Usually the round-off error is so small you never even notice it, and
if you do, you can always specify how much precision you'd like in
your output. But because the underlying approximation is still a
little bit off from what a simple print might
show, this can produce unexpected results. For example, while numbers
such as 0.125 and 0.625 are exactly representable, numbers such as
0.325 and 0.725 are not. So let's suppose you'd like to round to two
decimal places. Will 0.325 become 0.32 or 0.33? Will 0.725 become
0.72 or 0.73?
$a = 0.325; # 1/2 + 1/8
$b = 0.725; # 725/1000, or 29/40
printf "%s is %.2f or %.30g\n", ($_) x 3 for $a, $b;
This produces:
0.325 is 0.33 or 0.325000000000000011102230246252
0.725 is 0.72 or 0.724999999999999977795539507497
Since 0.325's approximation is a bit above that, it rounds up to
0.33. On the other hand, 0.725's approximation is really a little
under that, so it rounds down, giving 0.72 instead.
But what about if the number is exactly
representable, such 1.5 or 7.5, since those are just whole numbers
plus one-half?

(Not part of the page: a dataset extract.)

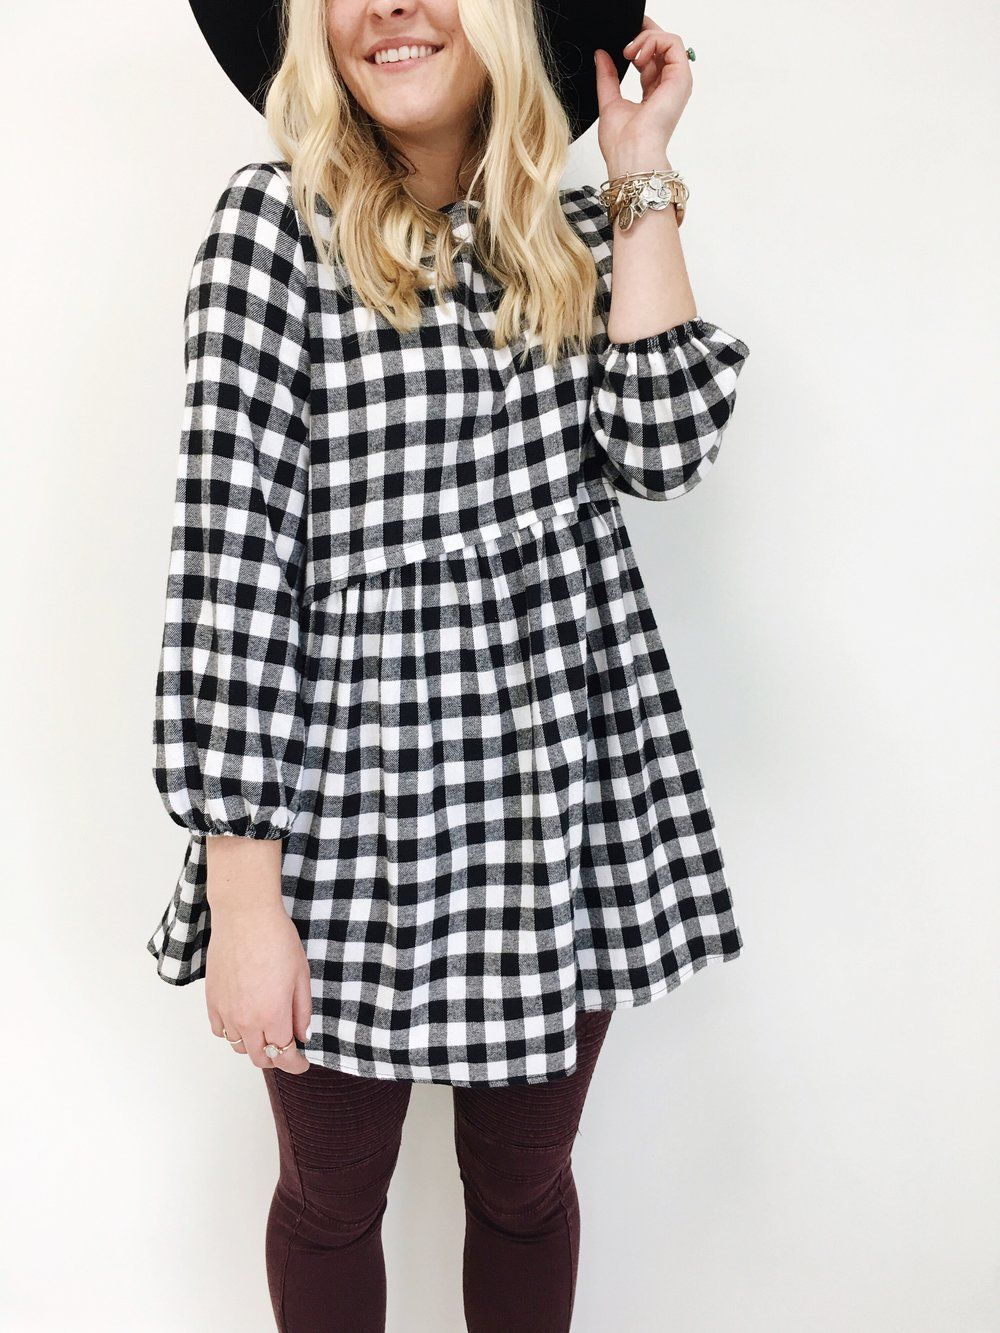 Black White Checkered Top Babydoll Waist Long Sleeve W

The rounding rule used in that case is probably not
the one you learned in grade school. Watch:
for $n (-4 .. +4) {
$n += 0.5;
printf "%4.1f %2.0f\n", $n, $n;
}
That produces this:
-3.5 -4
-2.5 -2
-1.5 -2
-0.5 -0
0.5 0
1.5 2
2.5 2
3.5 4
4.5 4
What's happening is that the rounding rule preferred by numerical
analysts isn't "round up on a five," but instead "round toward even."
This way the bias in the round-off error tends to cancel itself out.
Three useful
functions for rounding floating-point values to integral ones are
int, ceil, and
floor. Built into Perl, int
returns the integral portion of the floating-point number passed to
it. This is called "rounding toward zero." This is also known as
integer truncation because it ignores the fractional part: it rounds
down for positive numbers and up for negative ones. The POSIX
module's floor and ceil
functions also ignore the fractional part, but they always round down
and up to the next integer, respectively, no matter the
sign.
use POSIX qw(floor ceil);
printf "%8s %8s %8s %8s %8s\n",
qw(number even zero down up);
for $n (-6 .. +6) {
$n += 0.5;
printf "%8g %8.0f %8s %8s %8s\n",
$n, $n, int($n), floor($n), ceil($n);
}
This produces the following illustrative table; each column heading
shows what happens when you round the number in the specified
direction.
number even zero down up
-5.5 -6 -5 -6 -5
-4.5 -4 -4 -5 -4
-3.5 -4 -3 -4 -3
-2.5 -2 -2 -3 -2
-1.5 -2 -1 -2 -1
-0.5 -0 0 -1 0
0.5 0 0 0 1
1.5 2 1 1 2
2.5 2 2 2 3
3.5 4 3 3 4
4.5 4 4 4 5
5.5 6 5 5 6
6.5 6 6 6 7
If you add up each column, you'll see that you arrive at rather
different totals:
6.5 6 6 0 13
What this tells you is that your choice of rounding style—in
effect, your choice of round-off error—can have tremendous
impact on the final outcome. That's one reason why you're strongly
advised to wait until final output for any rounding. Even still, some
algorithms are more sensitive than others to accumulation of
round-off error. In particularly delicate applications, such as
financial computations and thermonuclear missiles, prudent
programmers will implement their own rounding functions instead of
relying on their computers' built-in logic, or lack thereof. (A good
textbook on numerical analysis is also recommended.)